If you didn't set the dataset_id or just forget it, this piece of code might be helpful:

from deepdataspace.model import DataSet
from deepdataspace.model import Image

datasets = DataSet.find_many({"name": "your_dataset_name"})
# or if you forget the dataset name, you can find all datasets
# datasets = DataSet.find_many({"name": "your_dataset_name"})
for dataset in datasets:
    ImageModel = Image(dataset.id)
    num_images = ImageModel.count_num({})
    print(f"dataset_name={dataset.name}, dataset_id={dataset.id}, {num_images} images")

The outputs will remind you of the dataset info you want to export.
Then you can export the dataset with the following Python code:

import json

from deepdataspace.model import DataSet
from deepdataspace.model import Image

dataset_id = "your_dataset_id"
dataset = DataSet.find_one({"id": dataset_id})
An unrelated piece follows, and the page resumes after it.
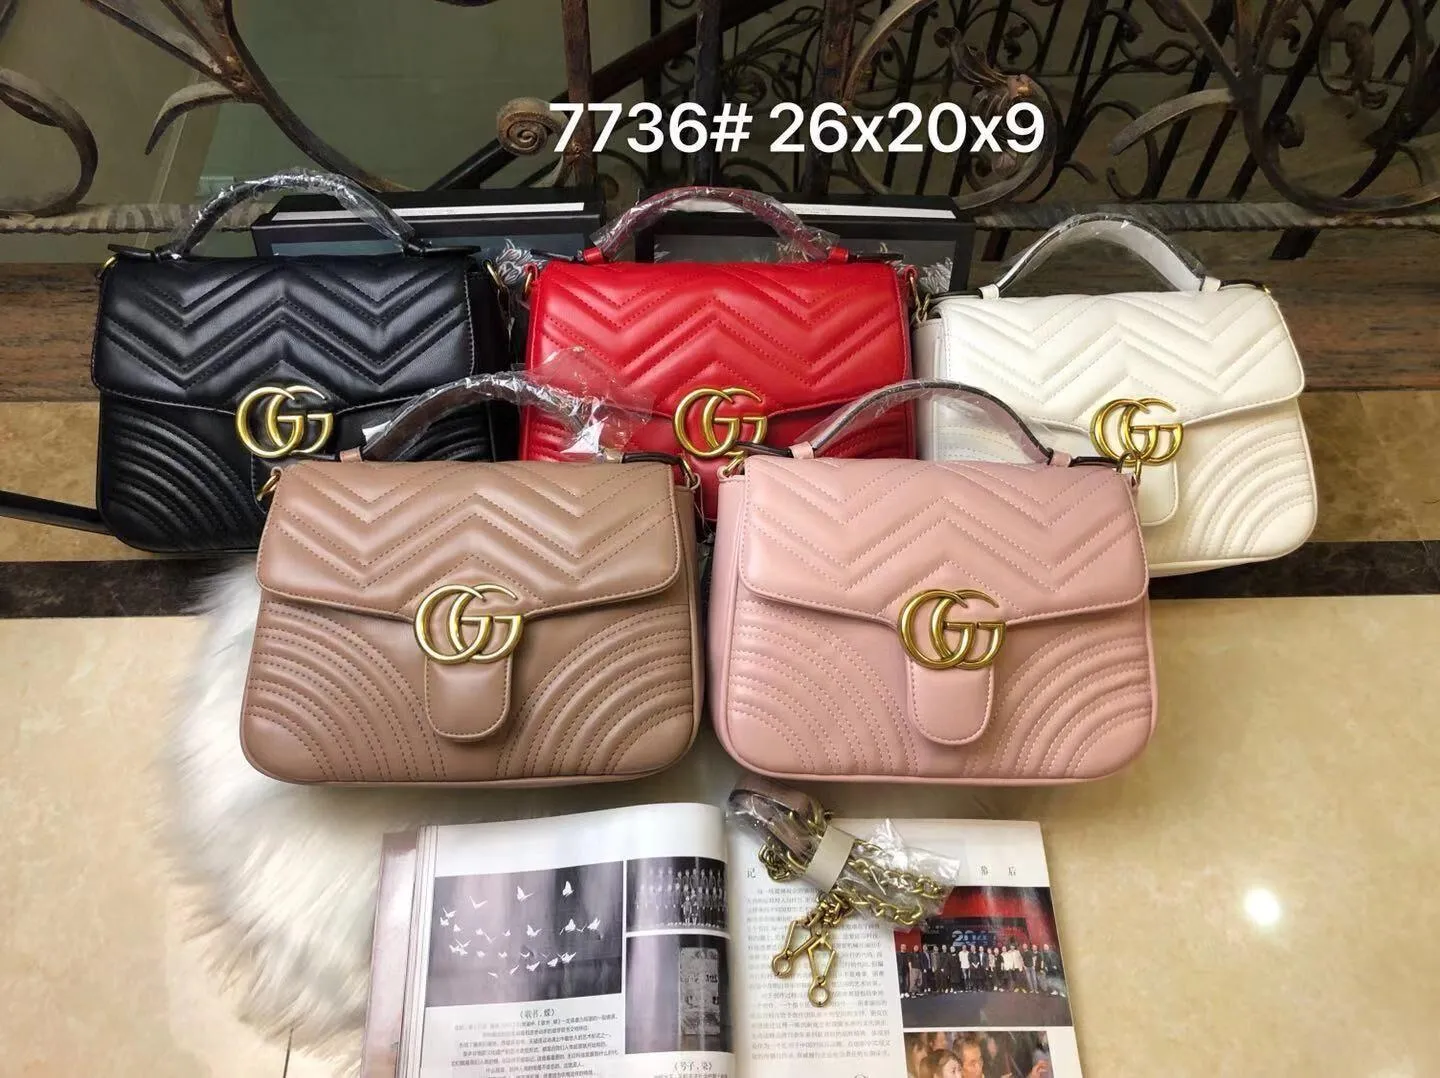 Gg marmont velvet handbag Gucci Black in Velvet - 41565150

# create the image model dynamically
ImageModel = Image(dataset_id)
num_images = ImageModel.count_num({})

print(f"Exporting dataset of {num_images} images: {dataset.name}")
output_images = []

# find all images in the dataset sorted by idx and id, and exporting them
images = ImageModel.find_many({}, sort=[("idx", 1), ("id", 1)])
for idx, image in enumerate(images):
    # export all fields of the image
    output = image.to_dict()
    output_images.append(output)
    print(f"{idx + 1}/{num_images}: exported image {image.id} of {len(image.objects)} objects")

output = {
    "dataset_id": dataset_id,
    "dataset_name": dataset.name,
    "images": output_images
}

with open(f"{dataset.name}_{dataset_id}.json", "w", encoding="utf8") as fp:
    json.dump(output, fp, ensure_ascii=False)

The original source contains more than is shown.